Additional information:

For the assessment of skin sensitisation a modified IMDS-LLNA (Integrated Model for the Differentiation of Skin Reactions) according to OECD TG 429 is available. In this study 6 female NMRI mice per group were treated with substance formulations of 0 % (vehicle control), 2 %, 10 % and 50 % (due to its viscosity it was not possible to pipette the test item pure; the content of the substance in the test item, which is approx. 70 % in approx. 30 % solvent, was considered).
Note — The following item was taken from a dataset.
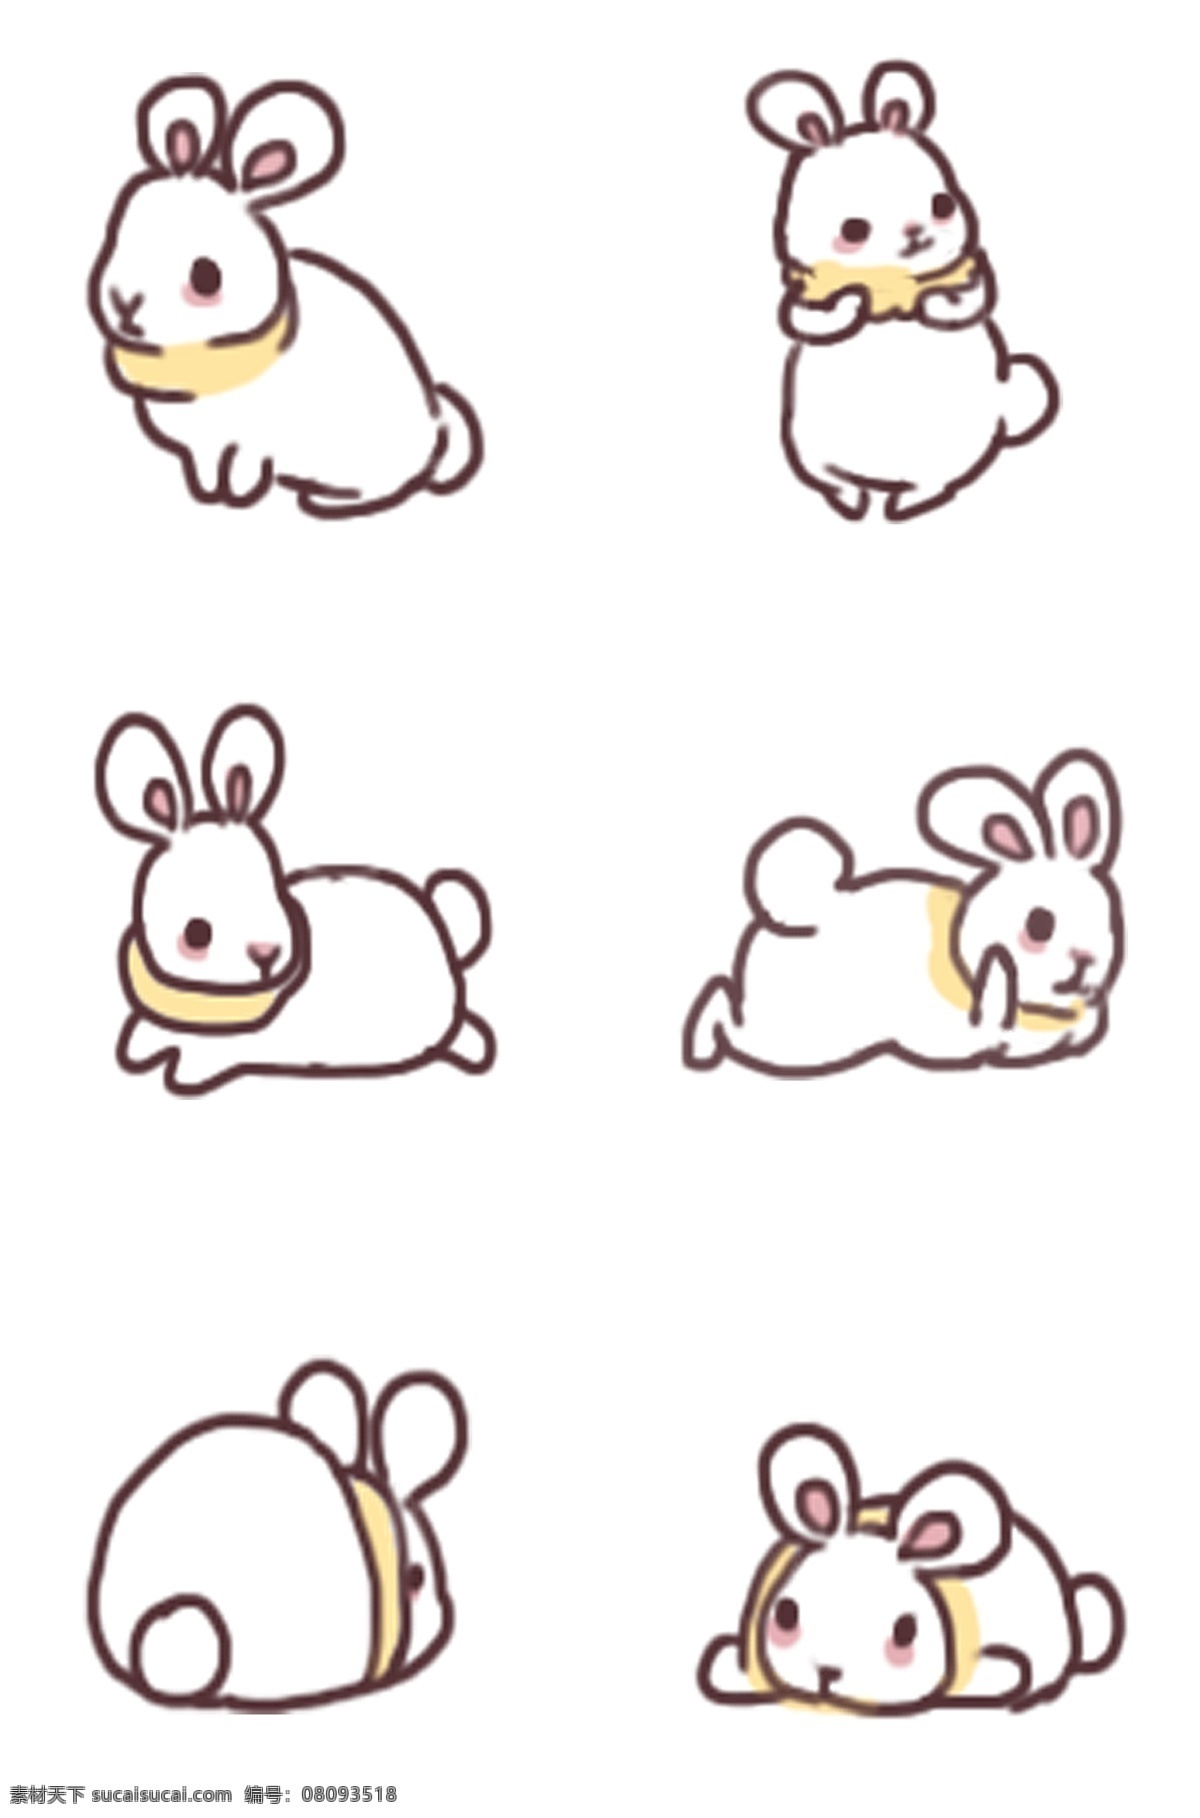 毛绒 小胖 卡通 兔子 思考的小兔子 可爱 手绘 动作 系列 丰富 表情 彩色 小 动物 简笔涂鸦

The IMDS method allows for discrimination of the irritant potential from the sensitizing potential by comparing the specific immune reaction induced by the test substance in the draining lymph nodes (LN cell counts / LN weights) with the immediate non-specific acute skin reaction (ear swelling / ear weight).
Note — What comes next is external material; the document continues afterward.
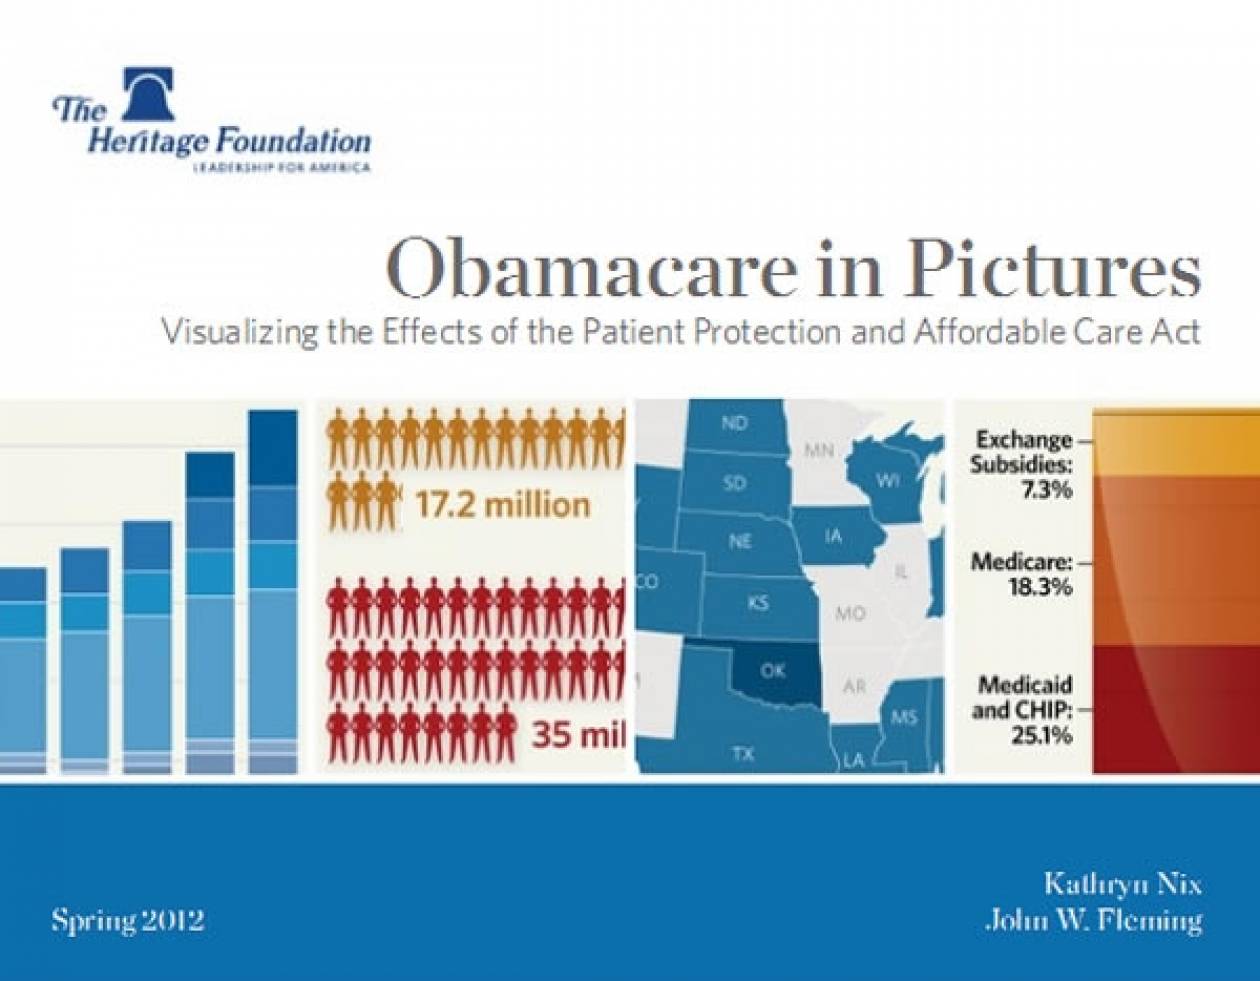 Επικριτική η Νάνσι Πελόσι για το "Obamacare"

Compared to vehicle (A/OO) treated animals there was no increase regarding the weights or the cell counts of the draining lymph nodes. The "positive level" of the stimulation index for cell counts, which is 1.4, has not been exceeded in any dose group. The "positive level" of ear swelling, which is an increase of 2 x 10exp-2 mm, i.e. about 10 % of the control values, has been exceeded in the high dose group. In addition, the ear weights of the high dose group were significantly higher compared to control animals. Although an increase in ear swelling might point to an irritant potential the increase in ear weight is most probably due to substance residues remaining on the ear. A lack of ear skin reddening as well as a lack of increase in LN weights supports this interpretation.
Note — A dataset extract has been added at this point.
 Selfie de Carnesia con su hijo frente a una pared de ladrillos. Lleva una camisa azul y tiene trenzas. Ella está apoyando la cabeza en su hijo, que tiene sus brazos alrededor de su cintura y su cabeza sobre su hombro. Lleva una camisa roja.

In conclusion, the study results did not reveal indications for a skin sensitizing potential up to and including a 50 % concentration of the substance, and also no conclusive indications for an irritant potential were found. 50 % turned out to be the NOEL in this study with respect to skin sensitization.

Respiratory sensitisation

Endpoint conclusion

Endpoint conclusion:

no study available

Justification for classification or non-classification

According to Regulation (EC) No 1272/2008, Annex I, no classification is warranted for skin sensitisation up to a 50 % concentration.